■ **Assignment**:
Every line in the listing is to be echoed verbatim.
BEGIN
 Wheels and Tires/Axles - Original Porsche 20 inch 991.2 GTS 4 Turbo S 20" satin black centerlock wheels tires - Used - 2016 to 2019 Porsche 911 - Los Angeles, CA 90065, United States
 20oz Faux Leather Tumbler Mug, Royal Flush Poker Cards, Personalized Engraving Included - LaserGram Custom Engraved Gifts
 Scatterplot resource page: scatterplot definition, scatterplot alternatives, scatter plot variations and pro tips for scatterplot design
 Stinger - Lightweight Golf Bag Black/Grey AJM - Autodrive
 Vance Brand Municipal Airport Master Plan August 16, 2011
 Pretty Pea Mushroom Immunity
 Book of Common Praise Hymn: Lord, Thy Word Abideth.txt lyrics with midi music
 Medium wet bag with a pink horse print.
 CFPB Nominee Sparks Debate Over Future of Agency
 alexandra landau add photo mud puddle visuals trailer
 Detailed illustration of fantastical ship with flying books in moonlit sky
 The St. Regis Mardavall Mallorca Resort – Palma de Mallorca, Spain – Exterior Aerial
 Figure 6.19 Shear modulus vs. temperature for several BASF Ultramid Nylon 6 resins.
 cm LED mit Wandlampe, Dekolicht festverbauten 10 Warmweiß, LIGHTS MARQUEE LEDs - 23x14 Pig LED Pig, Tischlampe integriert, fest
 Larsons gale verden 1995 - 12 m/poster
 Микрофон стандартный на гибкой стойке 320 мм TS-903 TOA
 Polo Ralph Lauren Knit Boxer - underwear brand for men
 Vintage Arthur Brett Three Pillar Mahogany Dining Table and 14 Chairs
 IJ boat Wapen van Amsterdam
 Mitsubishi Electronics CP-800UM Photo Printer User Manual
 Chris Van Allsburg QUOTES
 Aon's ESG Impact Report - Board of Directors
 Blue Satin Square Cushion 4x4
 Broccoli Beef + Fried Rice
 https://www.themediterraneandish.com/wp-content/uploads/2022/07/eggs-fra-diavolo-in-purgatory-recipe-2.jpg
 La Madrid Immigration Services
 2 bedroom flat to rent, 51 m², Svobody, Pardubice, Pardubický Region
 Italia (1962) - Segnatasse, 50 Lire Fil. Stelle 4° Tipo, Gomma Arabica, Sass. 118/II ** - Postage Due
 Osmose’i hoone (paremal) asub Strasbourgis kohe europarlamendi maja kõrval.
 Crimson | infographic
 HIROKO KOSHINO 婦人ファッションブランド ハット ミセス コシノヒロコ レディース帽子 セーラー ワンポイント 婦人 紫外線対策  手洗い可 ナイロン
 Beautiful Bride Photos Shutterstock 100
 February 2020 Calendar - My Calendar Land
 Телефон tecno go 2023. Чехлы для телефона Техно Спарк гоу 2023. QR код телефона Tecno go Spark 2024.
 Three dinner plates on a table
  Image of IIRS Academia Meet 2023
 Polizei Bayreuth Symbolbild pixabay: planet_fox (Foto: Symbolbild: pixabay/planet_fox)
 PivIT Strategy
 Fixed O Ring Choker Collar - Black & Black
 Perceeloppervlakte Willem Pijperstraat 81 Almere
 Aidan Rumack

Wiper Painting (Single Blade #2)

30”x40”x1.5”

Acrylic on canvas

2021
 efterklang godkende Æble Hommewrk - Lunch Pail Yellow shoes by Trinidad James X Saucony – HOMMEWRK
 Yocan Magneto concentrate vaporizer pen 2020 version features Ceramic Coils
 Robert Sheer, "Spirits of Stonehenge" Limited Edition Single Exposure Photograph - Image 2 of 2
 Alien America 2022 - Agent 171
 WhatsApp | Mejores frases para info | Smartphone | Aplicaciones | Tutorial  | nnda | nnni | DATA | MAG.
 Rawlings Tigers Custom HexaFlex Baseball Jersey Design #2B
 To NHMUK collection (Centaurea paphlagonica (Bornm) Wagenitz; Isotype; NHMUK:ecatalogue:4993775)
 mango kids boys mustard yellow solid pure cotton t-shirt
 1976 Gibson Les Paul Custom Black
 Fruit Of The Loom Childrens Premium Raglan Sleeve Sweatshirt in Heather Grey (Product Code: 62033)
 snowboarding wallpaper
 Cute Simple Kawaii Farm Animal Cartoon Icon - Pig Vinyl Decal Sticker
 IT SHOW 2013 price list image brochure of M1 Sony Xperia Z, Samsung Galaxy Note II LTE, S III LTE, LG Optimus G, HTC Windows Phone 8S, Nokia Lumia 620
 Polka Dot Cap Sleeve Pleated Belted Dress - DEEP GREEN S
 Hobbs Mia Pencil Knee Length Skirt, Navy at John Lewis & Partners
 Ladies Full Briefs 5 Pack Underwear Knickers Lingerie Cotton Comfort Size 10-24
END
■ **Exercise solution**:
 Wheels and Tires/Axles - Original Porsche 20 inch 991.2 GTS 4 Turbo S 20" satin black centerlock wheels tires - Used - 2016 to 2019 Porsche 911 - Los Angeles, CA 90065, United States
 20oz Faux Leather Tumbler Mug, Royal Flush Poker Cards, Personalized Engraving Included - LaserGram Custom Engraved Gifts
 Scatterplot resource page: scatterplot definition, scatterplot alternatives, scatter plot variations and pro tips for scatterplot design
 Stinger - Lightweight Golf Bag Black/Grey AJM - Autodrive
 Vance Brand Municipal Airport Master Plan August 16, 2011
 Pretty Pea Mushroom Immunity
 Book of Common Praise Hymn: Lord, Thy Word Abideth.txt lyrics with midi music
 Medium wet bag with a pink horse print.
 CFPB Nominee Sparks Debate Over Future of Agency
 alexandra landau add photo mud puddle visuals trailer
 Detailed illustration of fantastical ship with flying books in moonlit sky
 The St. Regis Mardavall Mallorca Resort – Palma de Mallorca, Spain – Exterior Aerial
 Figure 6.19 Shear modulus vs. temperature for several BASF Ultramid Nylon 6 resins.
 cm LED mit Wandlampe, Dekolicht festverbauten 10 Warmweiß, LIGHTS MARQUEE LEDs - 23x14 Pig LED Pig, Tischlampe integriert, fest
 Larsons gale verden 1995 - 12 m/poster
 Микрофон стандартный на гибкой стойке 320 мм TS-903 TOA
 Polo Ralph Lauren Knit Boxer - underwear brand for men
 Vintage Arthur Brett Three Pillar Mahogany Dining Table and 14 Chairs
 IJ boat Wapen van Amsterdam
 Mitsubishi Electronics CP-800UM Photo Printer User Manual
 Chris Van Allsburg QUOTES
 Aon's ESG Impact Report - Board of Directors
 Blue Satin Square Cushion 4x4
 Broccoli Beef + Fried Rice
 https://www.themediterraneandish.com/wp-content/uploads/2022/07/eggs-fra-diavolo-in-purgatory-recipe-2.jpg
 La Madrid Immigration Services
 2 bedroom flat to rent, 51 m², Svobody, Pardubice, Pardubický Region
 Italia (1962) - Segnatasse, 50 Lire Fil. Stelle 4° Tipo, Gomma Arabica, Sass. 118/II ** - Postage Due
 Osmose’i hoone (paremal) asub Strasbourgis kohe europarlamendi maja kõrval.
 Crimson | infographic
 HIROKO KOSHINO 婦人ファッションブランド ハット ミセス コシノヒロコ レディース帽子 セーラー ワンポイント 婦人 紫外線対策  手洗い可 ナイロン
 Beautiful Bride Photos Shutterstock 100
 February 2020 Calendar - My Calendar Land
 Телефон tecno go 2023. Чехлы для телефона Техно Спарк гоу 2023. QR код телефона Tecno go Spark 2024.
 Three dinner plates on a table
  Image of IIRS Academia Meet 2023
 Polizei Bayreuth Symbolbild pixabay: planet_fox (Foto: Symbolbild: pixabay/planet_fox)
 PivIT Strategy
 Fixed O Ring Choker Collar - Black & Black
 Perceeloppervlakte Willem Pijperstraat 81 Almere
 Aidan Rumack

Wiper Painting (Single Blade #2)

30”x40”x1.5”

Acrylic on canvas

2021
 efterklang godkende Æble Hommewrk - Lunch Pail Yellow shoes by Trinidad James X Saucony – HOMMEWRK
 Yocan Magneto concentrate vaporizer pen 2020 version features Ceramic Coils
 Robert Sheer, "Spirits of Stonehenge" Limited Edition Single Exposure Photograph - Image 2 of 2
 Alien America 2022 - Agent 171
 WhatsApp | Mejores frases para info | Smartphone | Aplicaciones | Tutorial  | nnda | nnni | DATA | MAG.
 Rawlings Tigers Custom HexaFlex Baseball Jersey Design #2B
 To NHMUK collection (Centaurea paphlagonica (Bornm) Wagenitz; Isotype; NHMUK:ecatalogue:4993775)
 mango kids boys mustard yellow solid pure cotton t-shirt
 1976 Gibson Les Paul Custom Black
 Fruit Of The Loom Childrens Premium Raglan Sleeve Sweatshirt in Heather Grey (Product Code: 62033)
 snowboarding wallpaper
 Cute Simple Kawaii Farm Animal Cartoon Icon - Pig Vinyl Decal Sticker
 IT SHOW 2013 price list image brochure of M1 Sony Xperia Z, Samsung Galaxy Note II LTE, S III LTE, LG Optimus G, HTC Windows Phone 8S, Nokia Lumia 620
 Polka Dot Cap Sleeve Pleated Belted Dress - DEEP GREEN S
 Hobbs Mia Pencil Knee Length Skirt, Navy at John Lewis & Partners
 Ladies Full Briefs 5 Pack Underwear Knickers Lingerie Cotton Comfort Size 10-24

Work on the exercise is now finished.